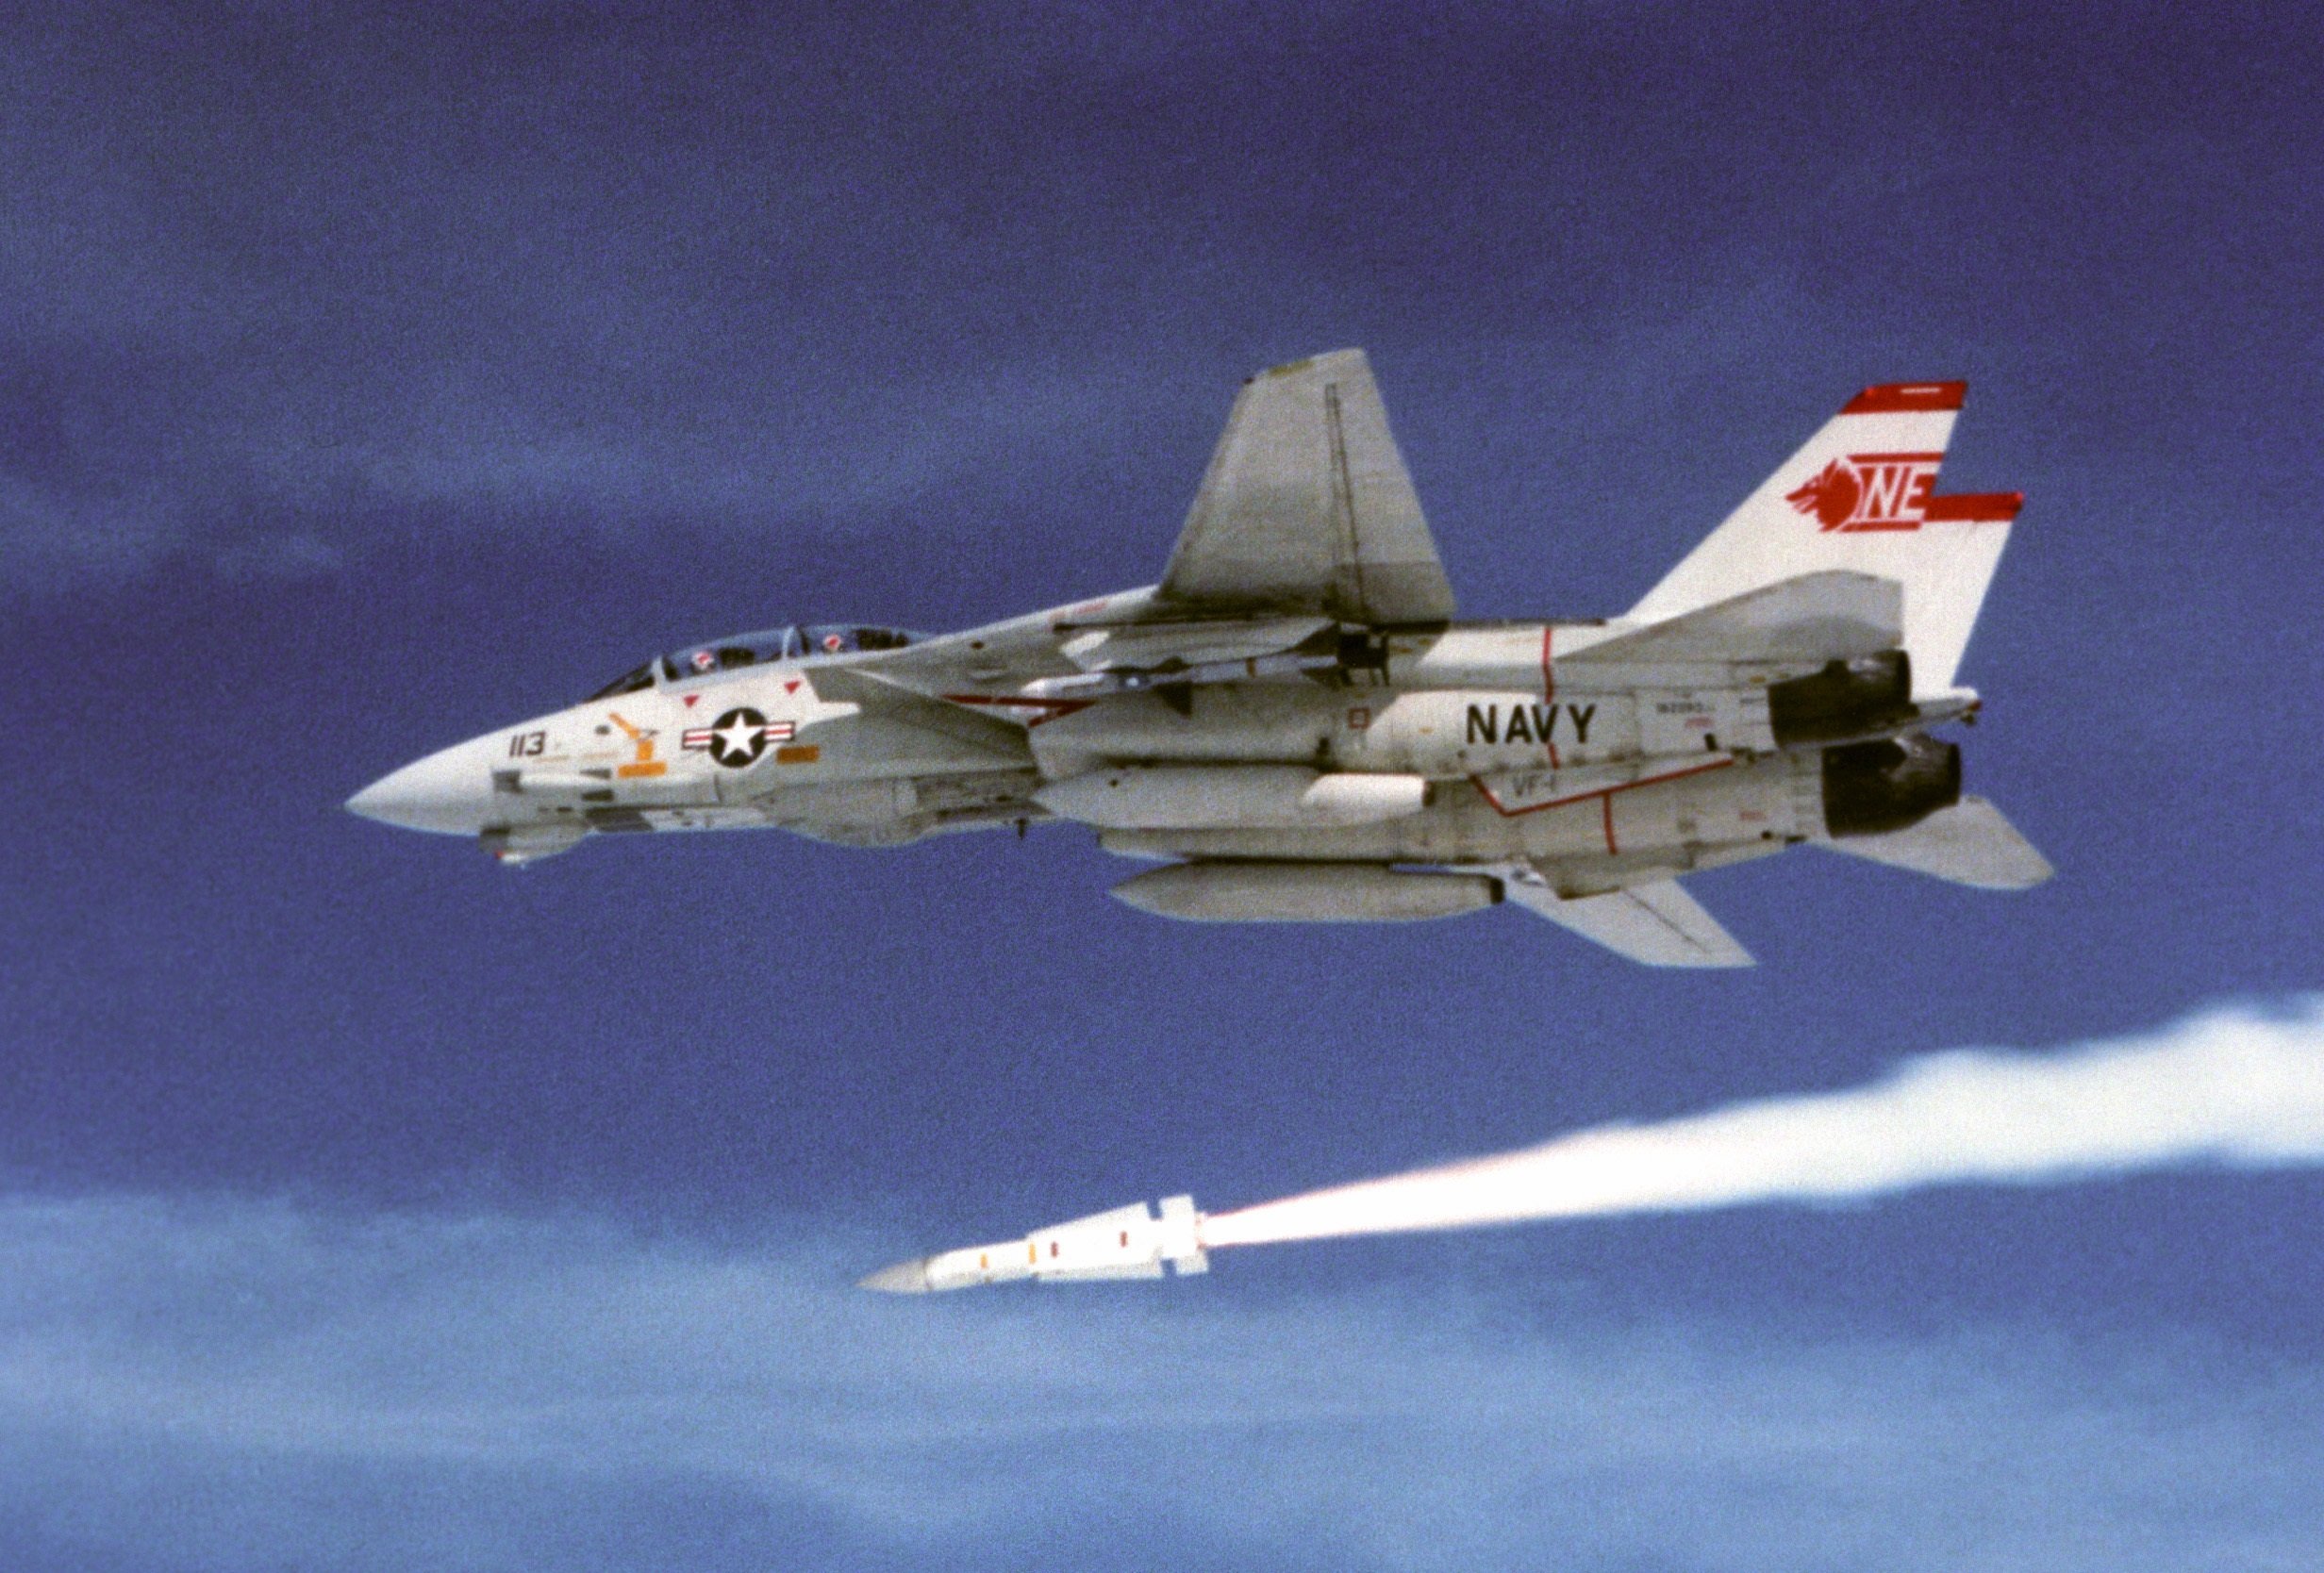 IMAGE(https://nationalinterest.org/sites/default/files/main_images/F-14A_VF-1_launching_AIM-54_Phoenix.jpg)
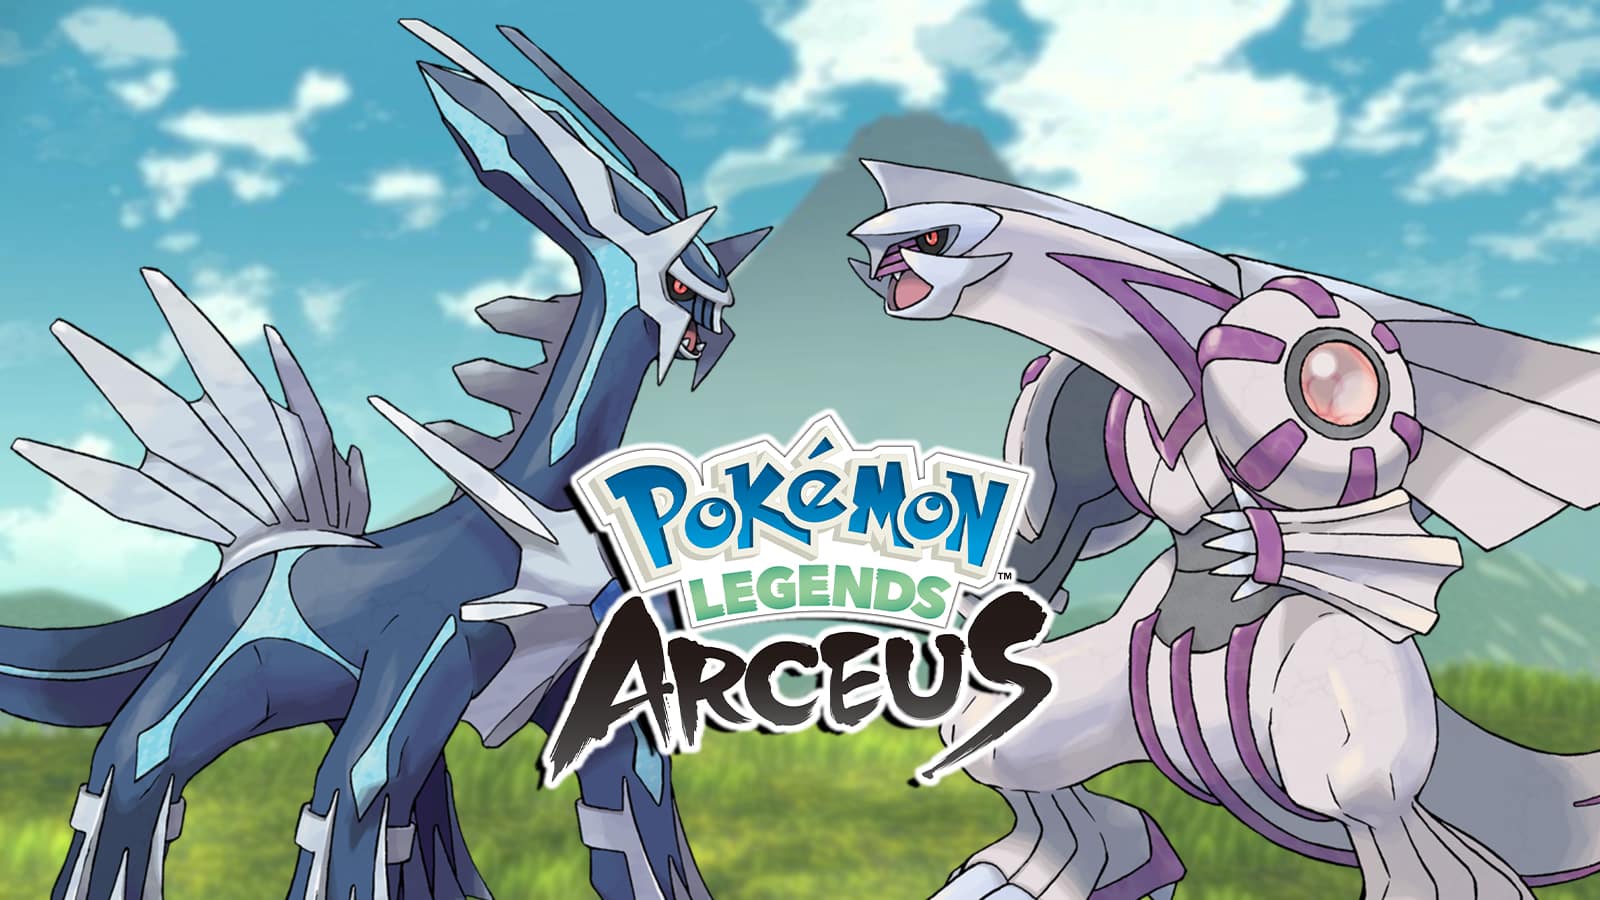 Arceus - Pokemon Deluge Legends
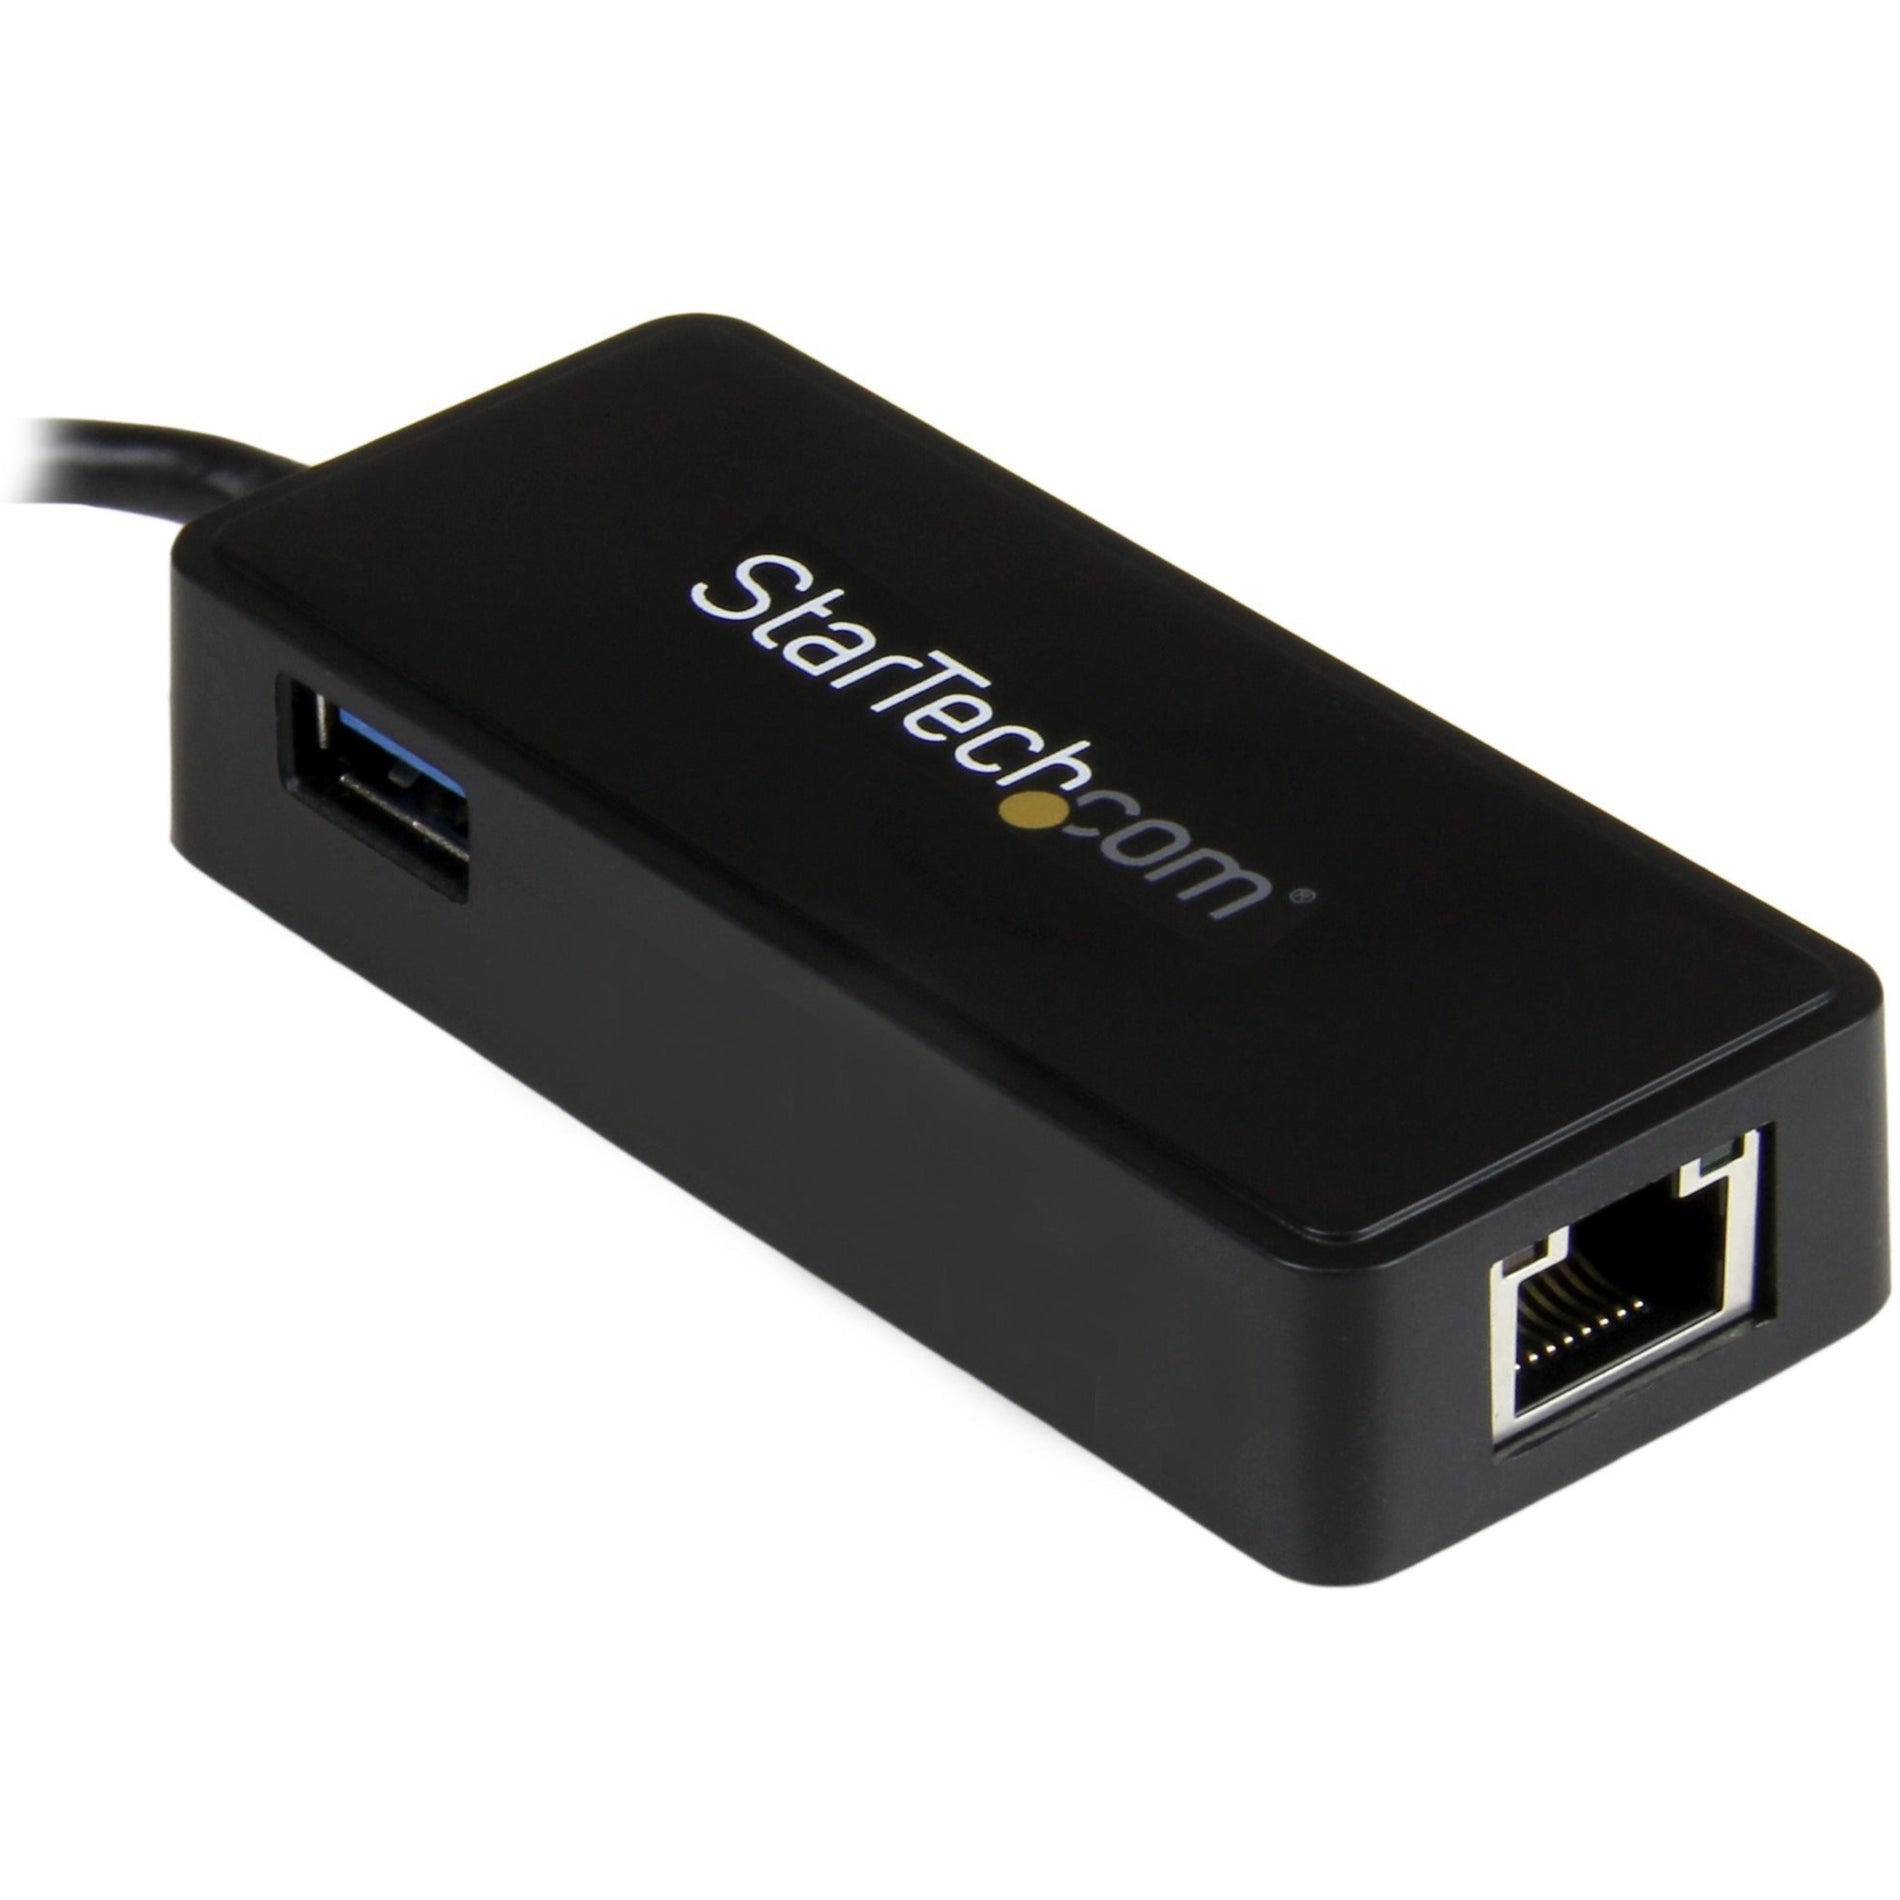 StarTech.com US1GC301AU USB-C to Gigabit Network Adapter with Extra USB 3.0 Port - Black, USB 3.1 Type-C Gen 1 (5 Gbps)

■ ■ ■ ■

** Task requirements **
Leaving every picture aside, transcribe exactly the lines from the one that contains "Arceus - Pokemon Deluge Legends" through the final line of the listing above, inclusive.

** Response **
 Arceus - Pokemon Deluge Legends
 StarTech.com US1GC301AU USB-C to Gigabit Network Adapter with Extra USB 3.0 Port - Black, USB 3.1 Type-C Gen 1 (5 Gbps)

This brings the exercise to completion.